Unsupervised Learning & Clustering — Exam Crib
Sheet
Why Unsupervised?
• Labeling large datasets is costly.
• Useful for data mining and feature extraction.
• Handles evolving patterns over time.
• Reveals hidden data structure.
Mixture Models & Identifiability
• Model: p(x) = Σ P(ωj) p(x | θj)
• Identifiability: unique θ from p(x). If multiple θ → same p(x), can’t recover true parameters.
• Gaussian mixtures usually identifiable, but label switching possible.
Parameter Estimation
• Maximum Likelihood (ML): maximize log L(θ).
• EM Algorithm: E-step: compute responsibilities; M-step: update parameters.

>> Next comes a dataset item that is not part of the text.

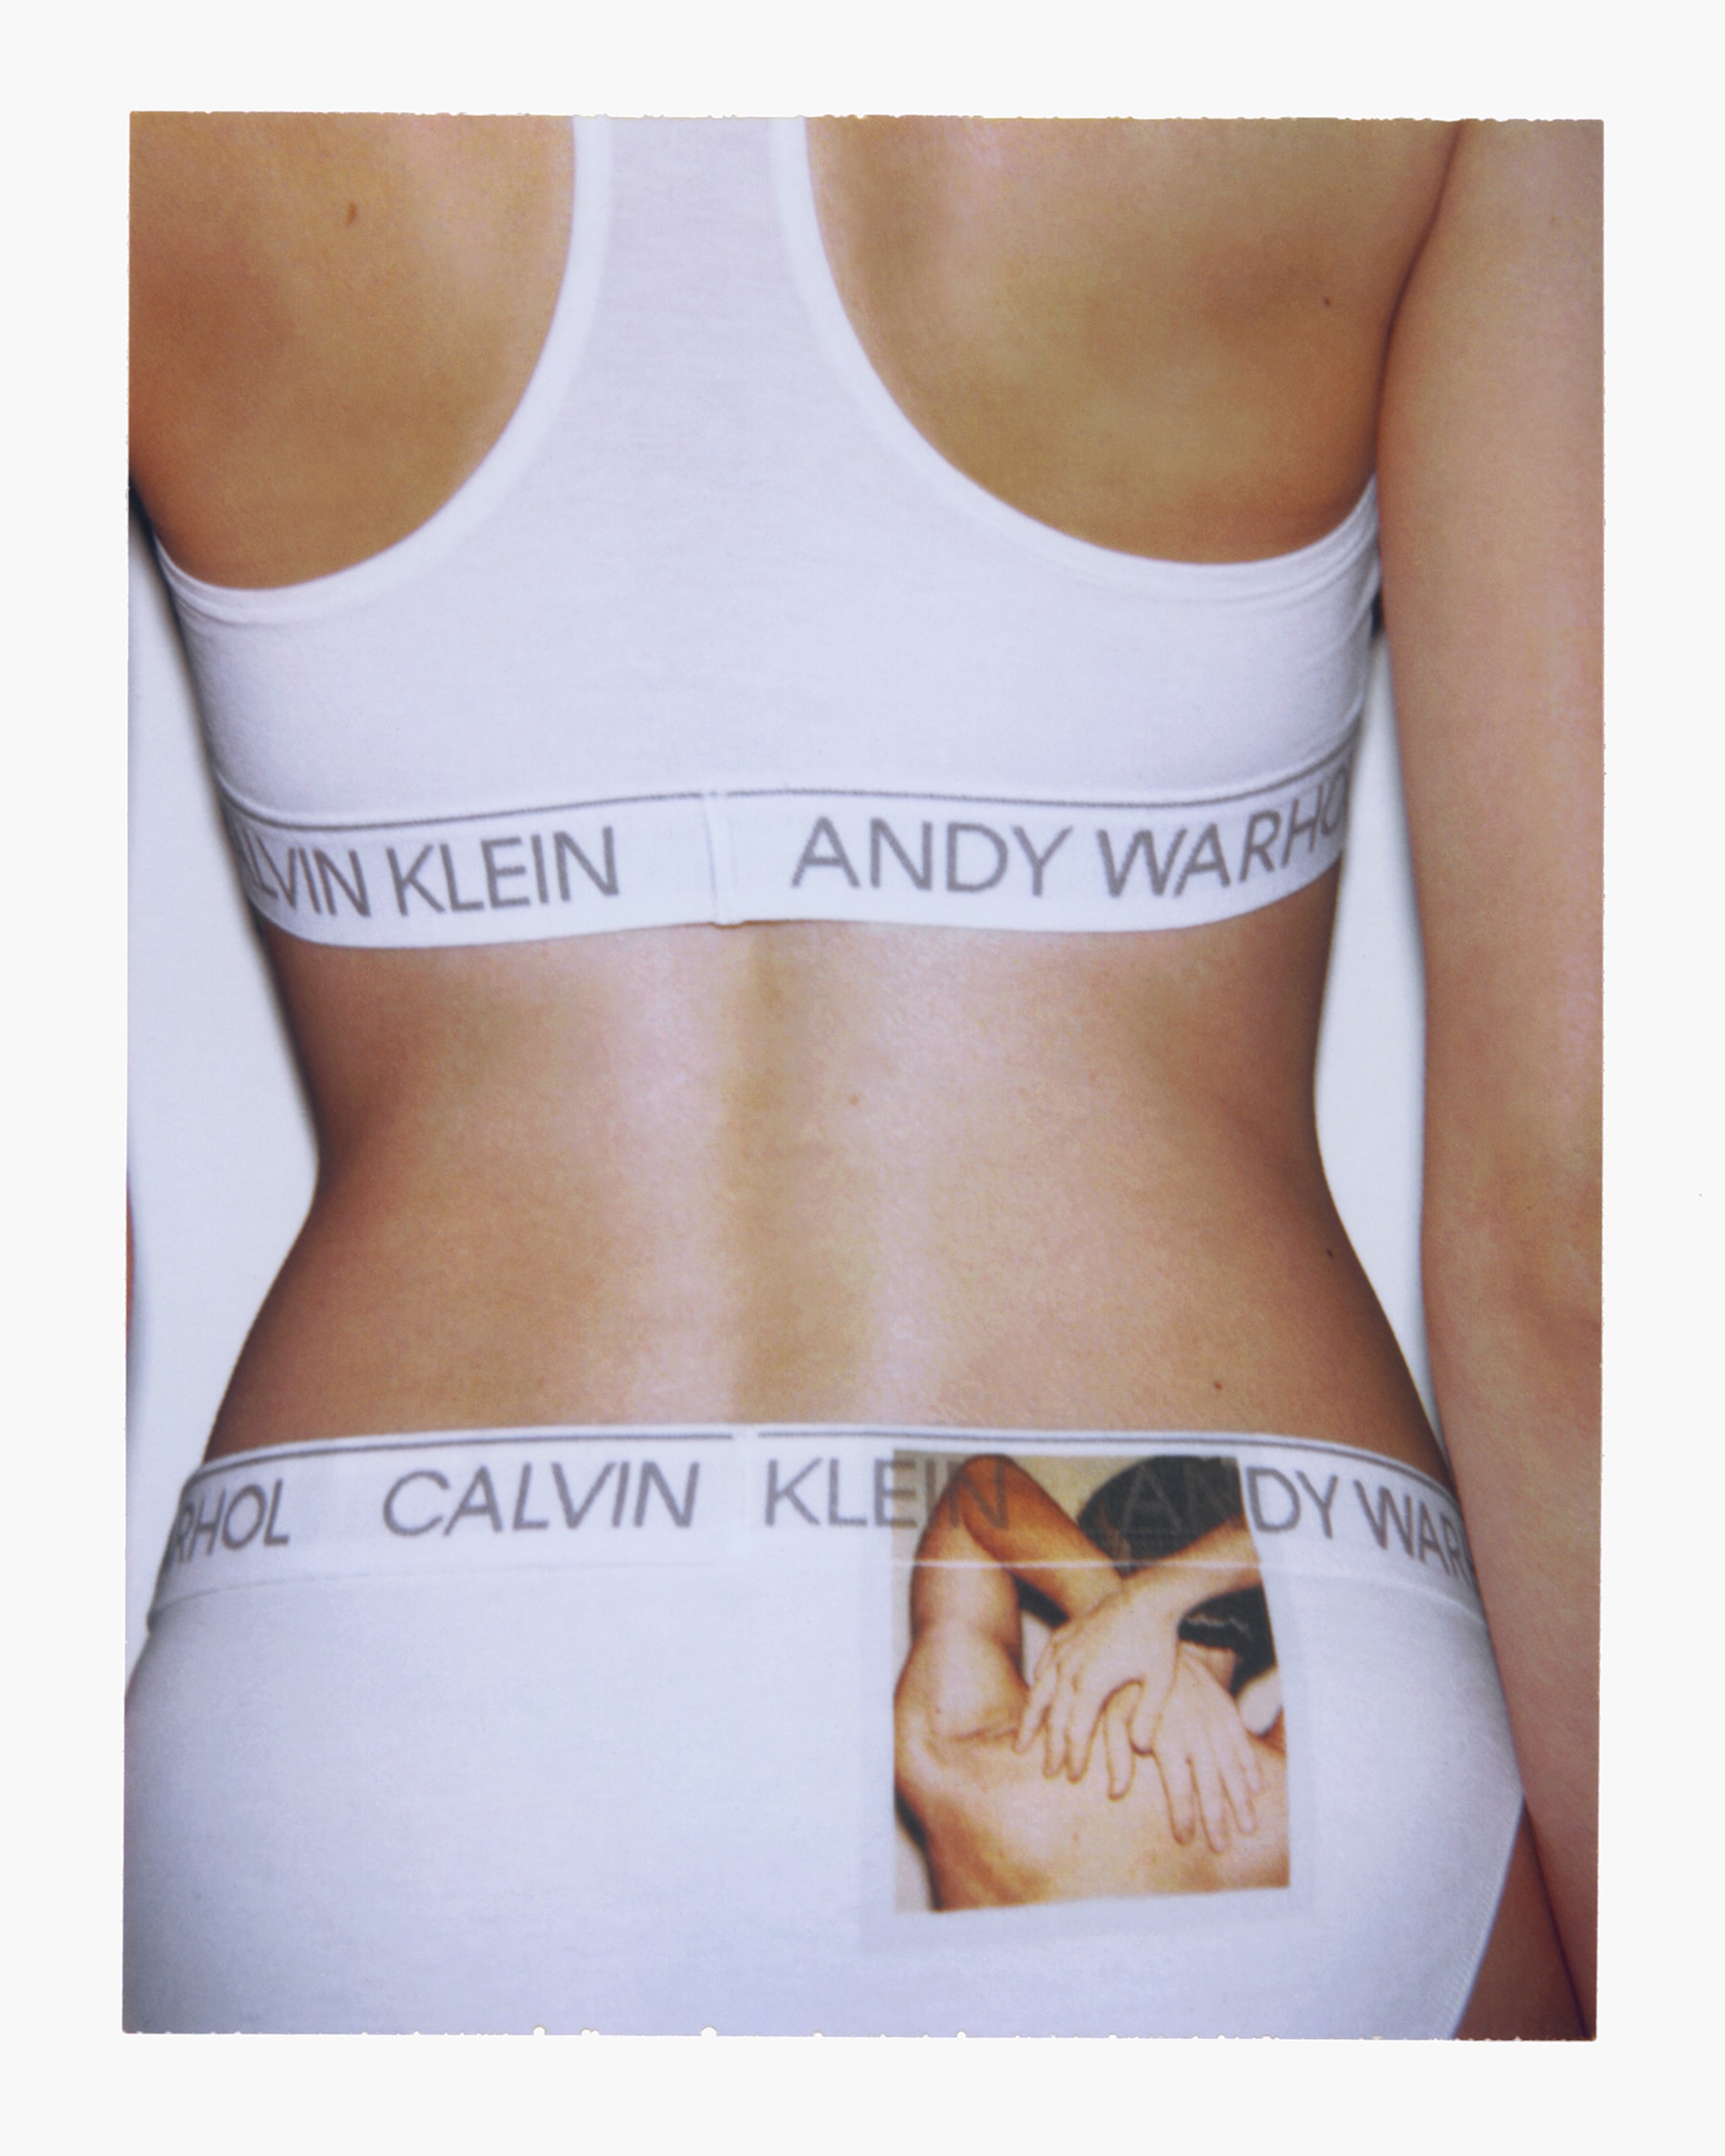 Calvin Klein 推出全新 Andy Warhol 主題內衣系列「Exposures, ’77-’85」

• Bayesian: use prior p(θ) + data; better with small samples, reduces overfitting.
Clustering Algorithms
• K-Means: minimizes SSE; assumes spherical, equal-size clusters.
• Hierarchical: agglomerative (merge) or divisive (split); dendrogram output.

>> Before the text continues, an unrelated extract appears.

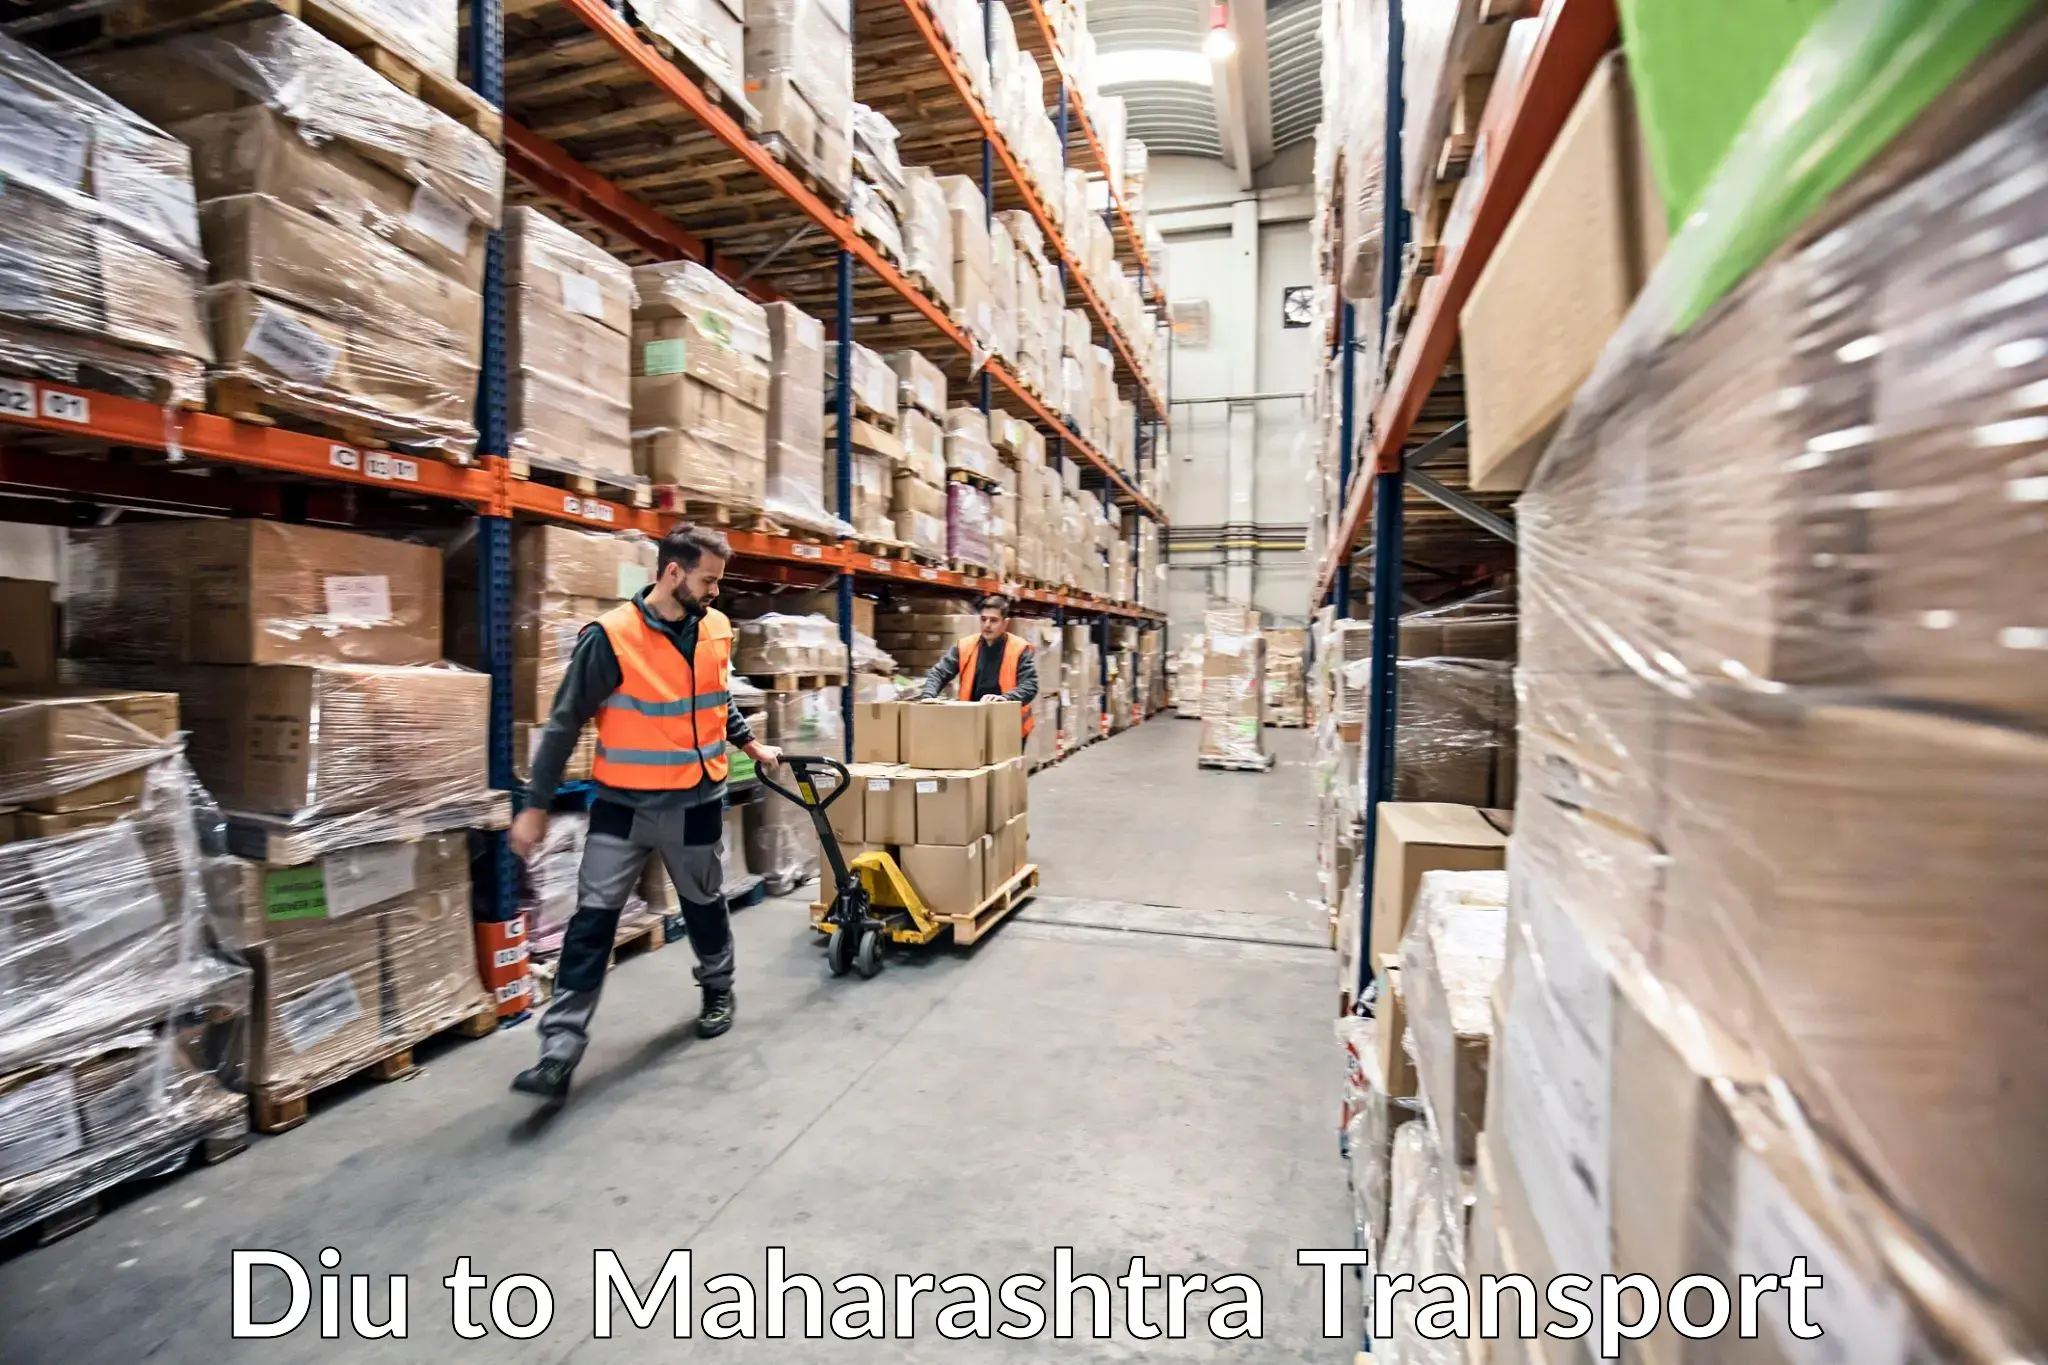 Truck transport companies in India Diu to Pusad

• Graph-Theoretic: clusters via connectivity in similarity graph; handles non-convex shapes.
Similarity Measures
• Metric: Euclidean, Manhattan, Minkowski.
• Non-metric: Inner product, Tanimoto.
• Normalize features for invariance.
Choosing Number of Clusters
• Elbow method (SSE drop-off).
• Silhouette score (compactness & separation).
• BIC/AIC for mixture models.
• Stability across bootstrap samples.
Key Pitfalls
• Singularities in ML (component collapse).
• Local optima in EM/K-means.
• Outliers distort distance-based methods.
• High-dimensional data reduces distance meaning.
Practical Tips
• Scale features; smart init (k-means++).
• Multiple restarts for robustness.
• Validate before interpretation.
• Combine with dimensionality reduction if needed.
Method Comparison
Method Strengths Weaknesses
K-Means Fast, simple, scalable Assumes spherical, equal-size clusters
GMM (EM) Elliptical clusters, soft assignments Sensitive to init, can collapse
Hierarchical Dendrogram, no preset k O(n^2) complexity
Graph/Spectral Non-convex shapes Needs similarity matrix